[LU-11944] WARNING: at ../fs/attr.c:212 notify_change doing tiny_writes Created: 07/Feb/19 Updated: 08/Apr/19 Resolved: 03/Mar/19 |
|
| Status: | Resolved |
| Project: | Lustre |
| Component/s: | None |
| Affects Version/s: | Lustre 2.11.0 |
| Fix Version/s: | Lustre 2.13.0, Lustre 2.12.1 |
| Type: | Bug | Priority: | Minor |
| Reporter: | Ann Koehler (Inactive) | Assignee: | Patrick Farrell (Inactive) |
| Resolution: | Fixed | Votes: | 0 |
| Labels: | None | ||
| Severity: | 3 |
| Rank (Obsolete): | 9223372036854775807 |
| Description |
|
Tiny writes to a regular file with setuid enabled results in a warning from notify_change() because the inode is not locked. As the write continues through ll_setattr_raw(), it sometimes hangs trying to lock the inode. Warning in console log: 2019-01-25T19:30:35.591624-06:00 c0-0c1s10n1 ------------[ cut here ]------------ 2019-01-25T19:30:35.591630-06:00 c0-0c1s10n1 WARNING: CPU: 11 PID: 15121 at ../fs/attr.c:212 notify_change+0x398/0x408 2019-01-25T19:30:35.591644-06:00 c0-0c1s10n1 CPU: 11 PID: 15121 Comm: memfill2 Tainted: P W O 4.12.14-25.22_5.0.64-cray_ari_c #1 SLE15 (unreleased) 2019-01-25T19:30:35.591649-06:00 c0-0c1s10n1 Hardware name: Cavium Inc.
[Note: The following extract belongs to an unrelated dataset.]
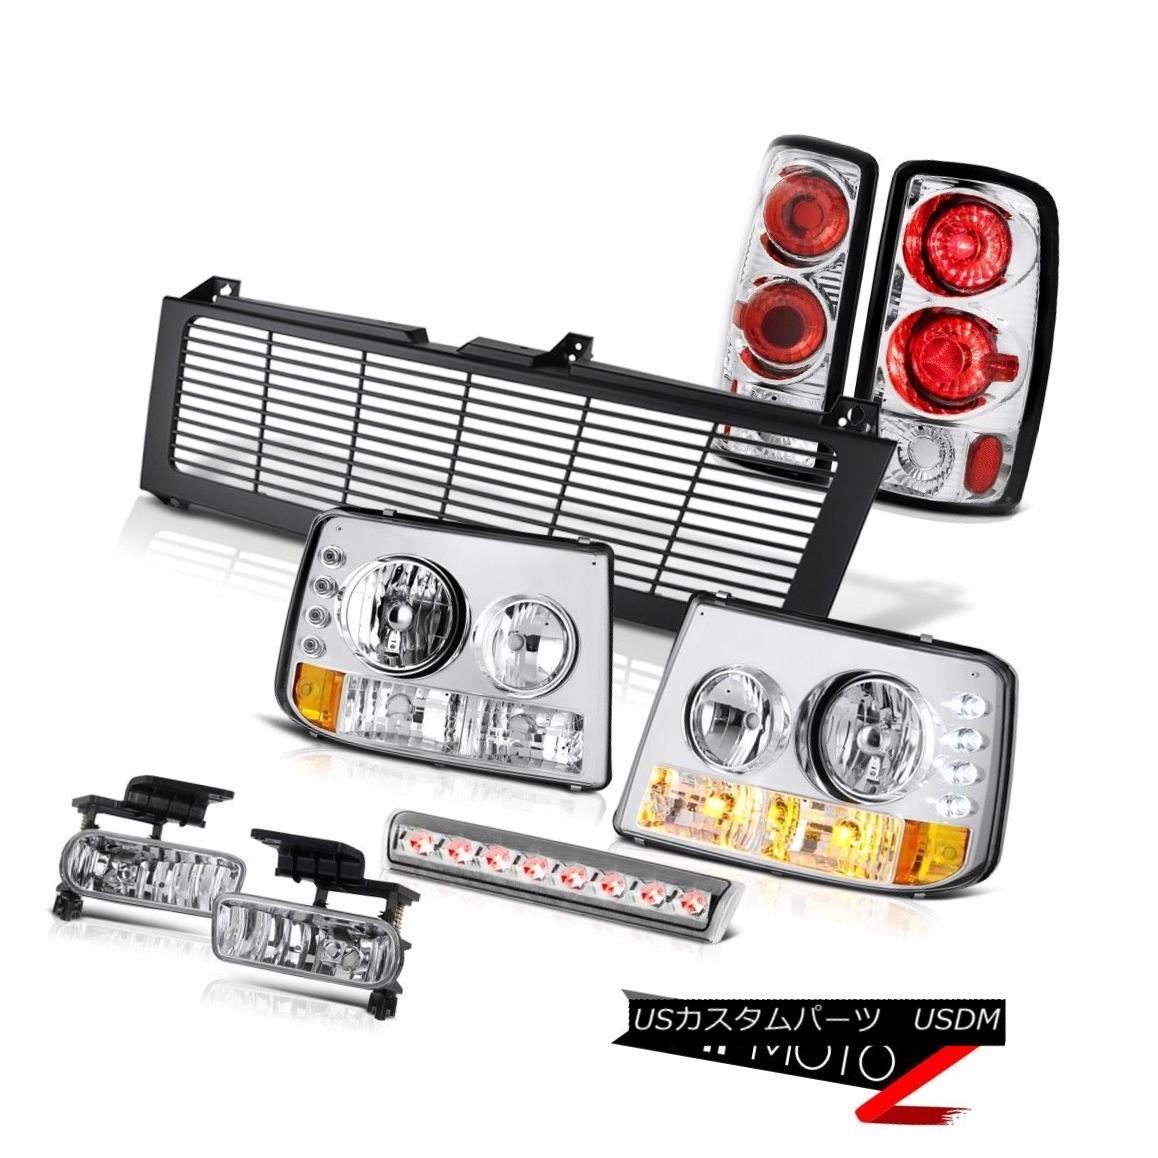 ヘッドライト Bumper Headlamp Brake Lamps Fog High Cargo LED Black Grille 04 05 06 Suburban LS バンパーヘッドランプブレーキランプフォグハイカーゴLEDブラックグリル04 05 06郊外LS
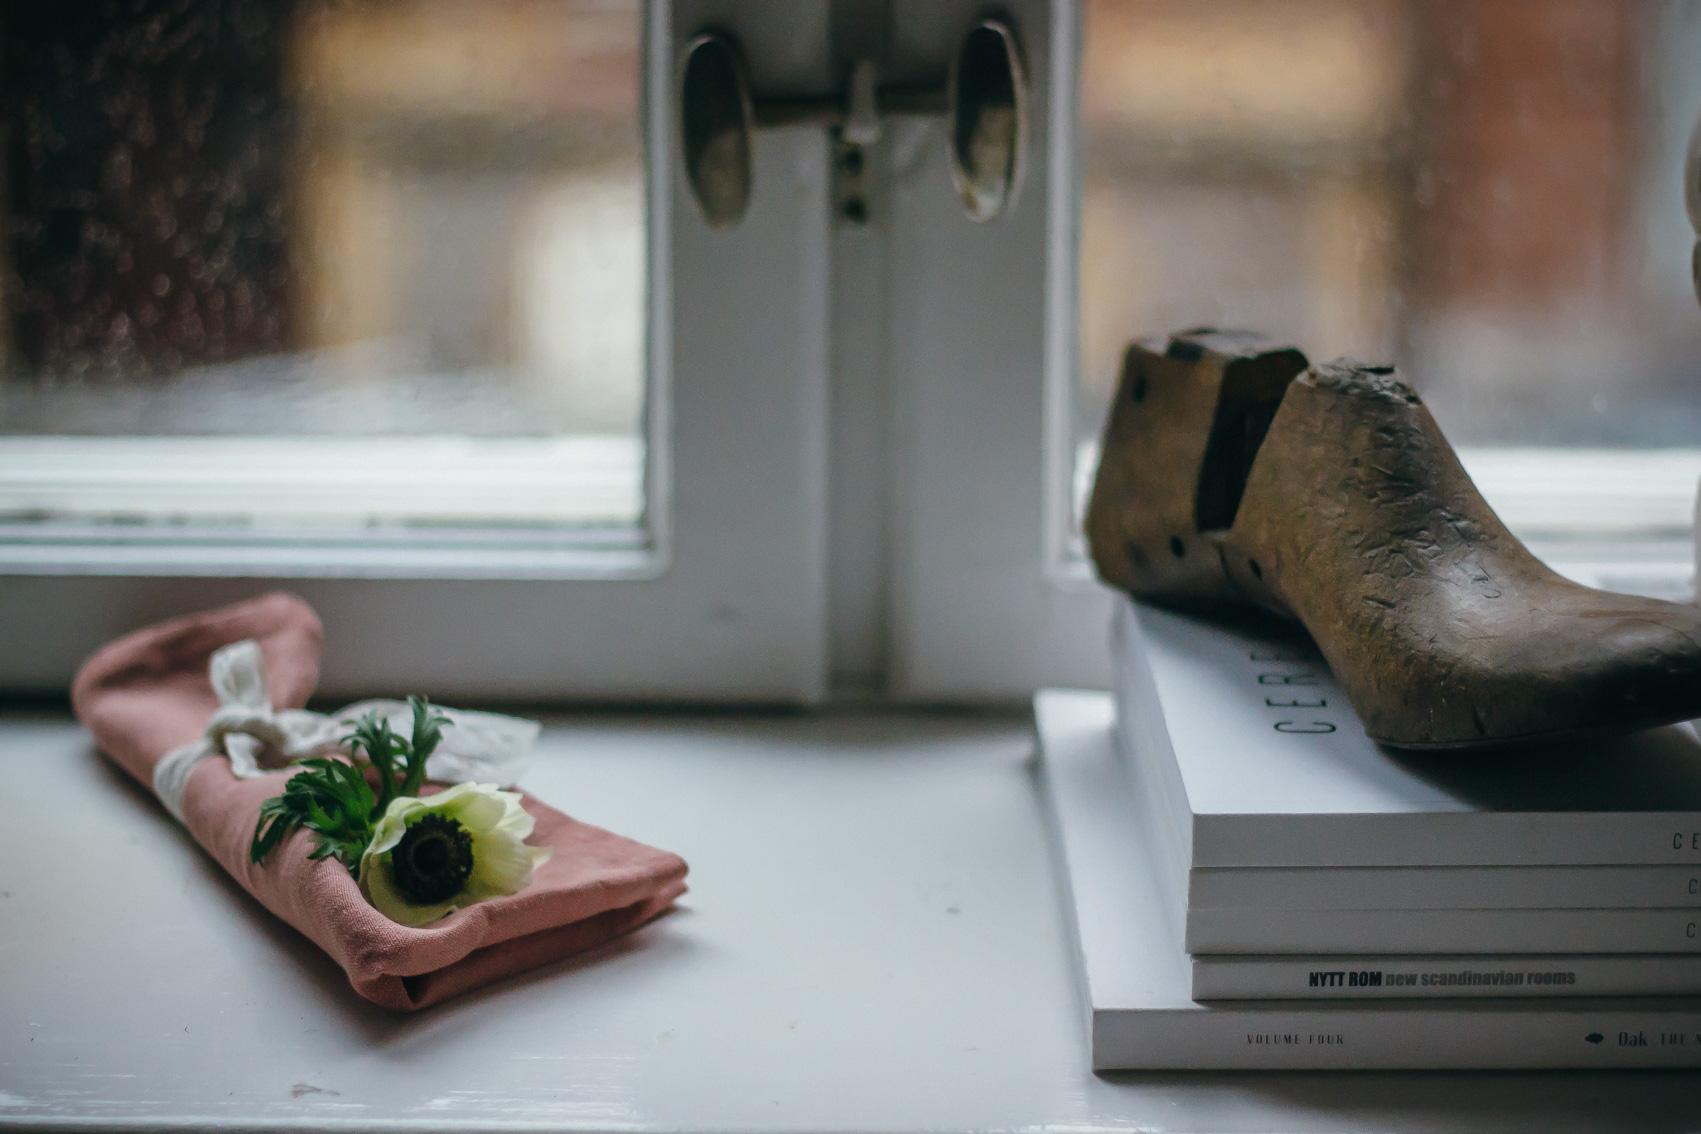 fotografering fönster lyckebo midbec tapeter_1

Borg/Unknown, BIOS Cavium reference firmware version 6.3 05/01/2018 2019-01-25T19:30:35.591655-06:00 c0-0c1s10n1 task: ffff80be1a1be100 task.stack: ffff00001bd90000 2019-01-25T19:30:35.591660-06:00 c0-0c1s10n1 PC is at notify_change+0x398/0x408 2019-01-25T19:30:35.591665-06:00 c0-0c1s10n1 LR is at file_remove_privs+0xc4/0xf8 2019-01-25T19:30:35.591671-06:00 c0-0c1s10n1 pc : [<ffff000008271088>] lr : [<ffff0000082703cc>] pstate: 20000009 2019-01-25T19:30:35.591676-06:00 c0-0c1s10n1 sp : ffff00001bd93c20 2019-01-25T19:30:35.591676-06:00 c0-0c1s10n1 sp : ffff00001bd93c20 2019-01-25T19:30:35.591759-06:00 c0-0c1s10n1 Call trace: 2019-01-25T19:30:35.591823-06:00 c0-0c1s10n1 [<ffff000008271088>] notify_change+0x398/0x408 2019-01-25T19:30:35.591828-06:00 c0-0c1s10n1 [<ffff0000082703cc>] file_remove_privs+0xc4/0xf8 2019-01-25T19:30:35.591834-06:00 c0-0c1s10n1 [<ffff0000081cbe5c>] __generic_file_write_iter+0x5c/0x1d0 2019-01-25T19:30:35.591840-06:00 c0-0c1s10n1 [<ffff0000013867d0>] ll_file_write_iter+0x2c8/0x5b0 [lustre] 2019-01-25T19:30:35.591845-06:00 c0-0c1s10n1 [<ffff00000824b764>] __vfs_write+0xd4/0x130 2019-01-25T19:30:35.591850-06:00 c0-0c1s10n1 [<ffff00000824cc4c>] vfs_write+0xac/0x1b8 2019-01-25T19:30:35.591855-06:00 c0-0c1s10n1 [<ffff00000824e304>] SyS_write+0x54/0xb0 The warning code from notify_change is: The warning occurs on the ll_tiny_write path through ll_file_write_iter: updates/kernel/fs/lustre > gdb lustre.ko
(gdb) list *(ll_file_write_iter+0x2c8)
0x1e7f8 is in ll_file_write_iter (/home/abuild/rpmbuild/BUILD/cray-lustre-2.11.0.200_cray_79_g4c42971/lustre/llite/file.c:1613).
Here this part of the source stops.